By choosing the seed words of a certain number of known class in advance, and a certain number of inputs are obtained from database Sample forms input sample collection;It is concentrated from input sample according to preset seed words and obtains feature samples composition characteristic sample set, And characteristic of division word is determined according to the feature samples collection got;It is determined according to the characteristic of division word got and text to be selected Taxonomy and its classification improve the efficiency and accuracy rate of taxonomy acquisition.
Description of the drawings
Fig. 1 is the flow diagram that a kind of taxonomy provided in an embodiment of the present invention determines method;
Fig. 2 is the flow diagram that feature samples are obtained in technical solution provided in an embodiment of the present invention;
Fig. 3 is that the taxonomy under a kind of concrete application scene provided in an embodiment of the present invention determines that the flow of method is illustrated Figure;
Fig. 4 is the structural schematic diagram that a kind of taxonomy provided in an embodiment of the present invention determines equipment.
Specific implementation mode
The defects of for the above-mentioned prior art, an embodiment of the present invention provides the technical sides that a kind of taxonomy determines Case.In the technical scheme, it by choosing the seed words of a certain number of known class in advance, and is obtained centainly from database The input sample of quantity forms input sample collection;It is concentrated from input sample according to preset seed words and obtains feature samples composition spy Sample set is levied, and characteristic of division word is determined according to the feature samples collection got;According to the characteristic of division word got and wait for This determination of selection taxonomy and its classification improve the efficiency and accuracy rate of taxonomy acquisition.
Wherein, in technical solution provided in an embodiment of the present invention, it can be Baidu to obtain the database that input sample integrates Encyclopaedia, wikipedia, WordNet etc..The input sample collection got from database can include the entry name of entry, classification Information and related entry information, format can be as shown in table 1:
Table 1
Entry Classification Related entry
Rules and forms poem Literature poem Prose poem regulated verse free verse
Below in conjunction with the attached drawing in the embodiment of the present invention, the technical solution in the embodiment of the present invention is carried out clear Chu is fully described by, it is clear that the embodiments described below are only a part of the embodiment of the present invention, rather than whole realities Apply example.Based on the embodiments of the present invention, those of ordinary skill in the art are obtained without making creative work Every other embodiment, belong to the embodiment of the present invention protection range.
As shown in Figure 1, being the flow diagram that a kind of taxonomy provided in an embodiment of the present invention determines method, can wrap Include following steps:
Step 101, the input sample that preset quantity is obtained from database, form input sample collection.
Specifically, by for excavating taxonomy in Baidupedia.In technical solution provided in an embodiment of the present invention, The input sample of preset quantity (such as 1000) can be obtained from Baidupedia, format can be as shown in table 1.
Step 102 concentrates acquisition feature samples, composition characteristic sample set according to preset seed words from input sample.

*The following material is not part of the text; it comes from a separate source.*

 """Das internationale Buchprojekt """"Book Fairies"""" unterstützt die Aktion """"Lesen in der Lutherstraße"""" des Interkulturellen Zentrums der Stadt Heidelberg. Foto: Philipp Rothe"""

Specifically, in technical solution provided in an embodiment of the present invention, when needing to obtain taxonomy, can select in advance Take a quantity of seeds word.For example, when needing to obtain sport category taxonomy, the kind of 10 sport categories can be chosen in advance Sub- word, such as sport, football, sportsman, track and field, world cup, the Olympic Games.It, can after obtaining input sample and choosing seed words Feature samples, composition characteristic sample set are obtained to be concentrated from input sample according to seed words.

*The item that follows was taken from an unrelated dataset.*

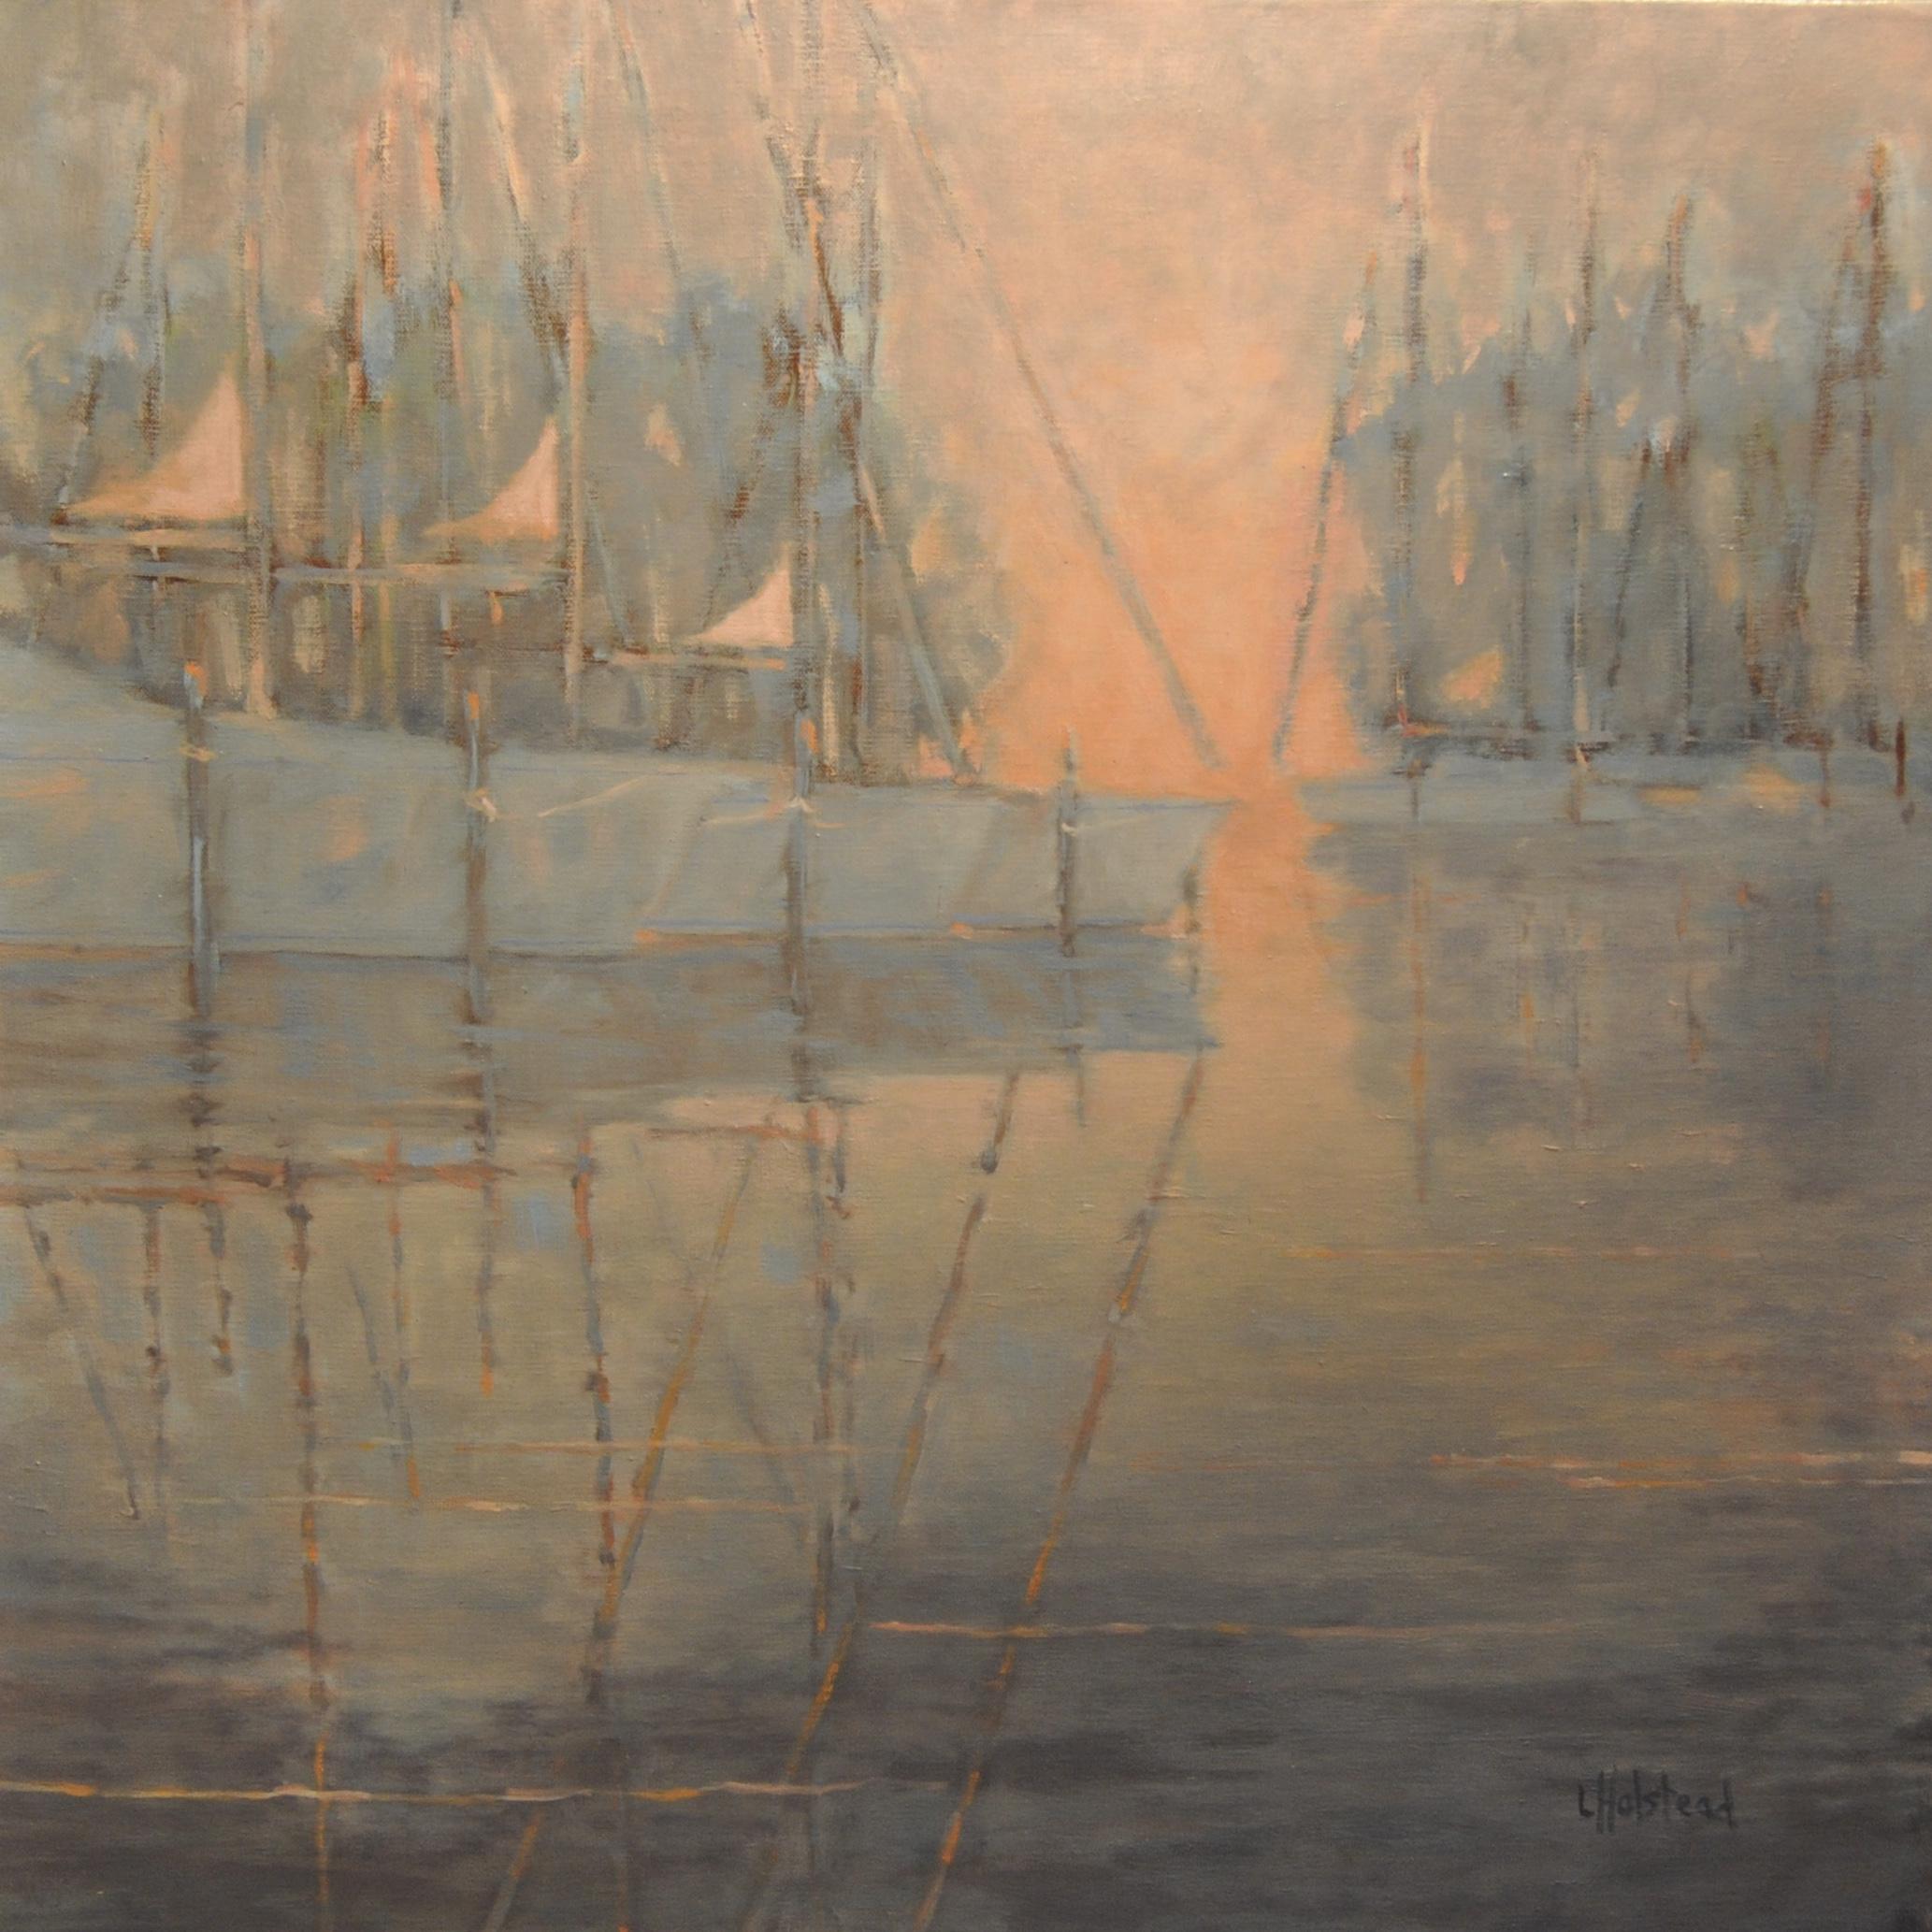 Last Light, Oil on Linen, 20 x 20, available

Wherein, in technical solution provided in an embodiment of the present invention, obtain feature samples flow can with as shown in Fig. 2, It may comprise steps of:
Step 102A, the feature samples for obtaining and including current seed words are concentrated from input sample.

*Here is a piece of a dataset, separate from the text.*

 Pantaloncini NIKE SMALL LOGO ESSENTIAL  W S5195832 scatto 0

For example, the seed words chosen in advance are football, basketball, sportsman, then concentrated from input sample according to the seed words Obtain the feature samples for including current seed words.Wherein, including it is football, basketball that the feature samples of the seed words, which can be entry, Or sportsman, can also be in related entry include respective seed word.
Step 102B, whether the quantity of judging characteristic sample more than first threshold terminates the flow if being judged as YES; Otherwise, step 102C is gone to.
Wherein, feature samples amount threshold can be determined according to actual demand, such as 10000.
Step 102C, the entry in feature samples and related entry are obtained, and the entry got and related entry are added Enter seed words, updates current seed words;Go to step 102A.
Specifically, when the feature samples quantity got is less than predetermined threshold value, it can will be in the feature samples that got Entry and related entry be added in seed words, and concentrated from input sample according to updated seed words obtain it is more Feature samples.
Sufficient amount of feature samples can be got by the above flow.
Step 103 determines characteristic of division word according to the feature samples collection got.
Specifically, in embodiments of the present invention, after getting feature samples, may further determine that and wrapped in each feature samples The weights of the entry contained, and determine characteristic of division word according to the weights of each entry.
By taking the weights of entry are the discrimination of the entry as an example, in embodiments of the present invention, using input sample collection as complete Collection, and two set are further determined that according to feature samples collection:
Set 1:Including all entries that feature samples are concentrated;
Set 2:Including all related entries that feature samples are concentrated.
To some word W in set 2, defining its discrimination is:
QwThe number that number/W that=W occurs in set 2 occurs in complete or collected works
For some word x in set 1, its discrimination is defined as the mean value of its all related entry discrimination:
Wherein, n is the number of related entry in the feature samples that entry is x, QWiFor the discrimination of i-th of related entry.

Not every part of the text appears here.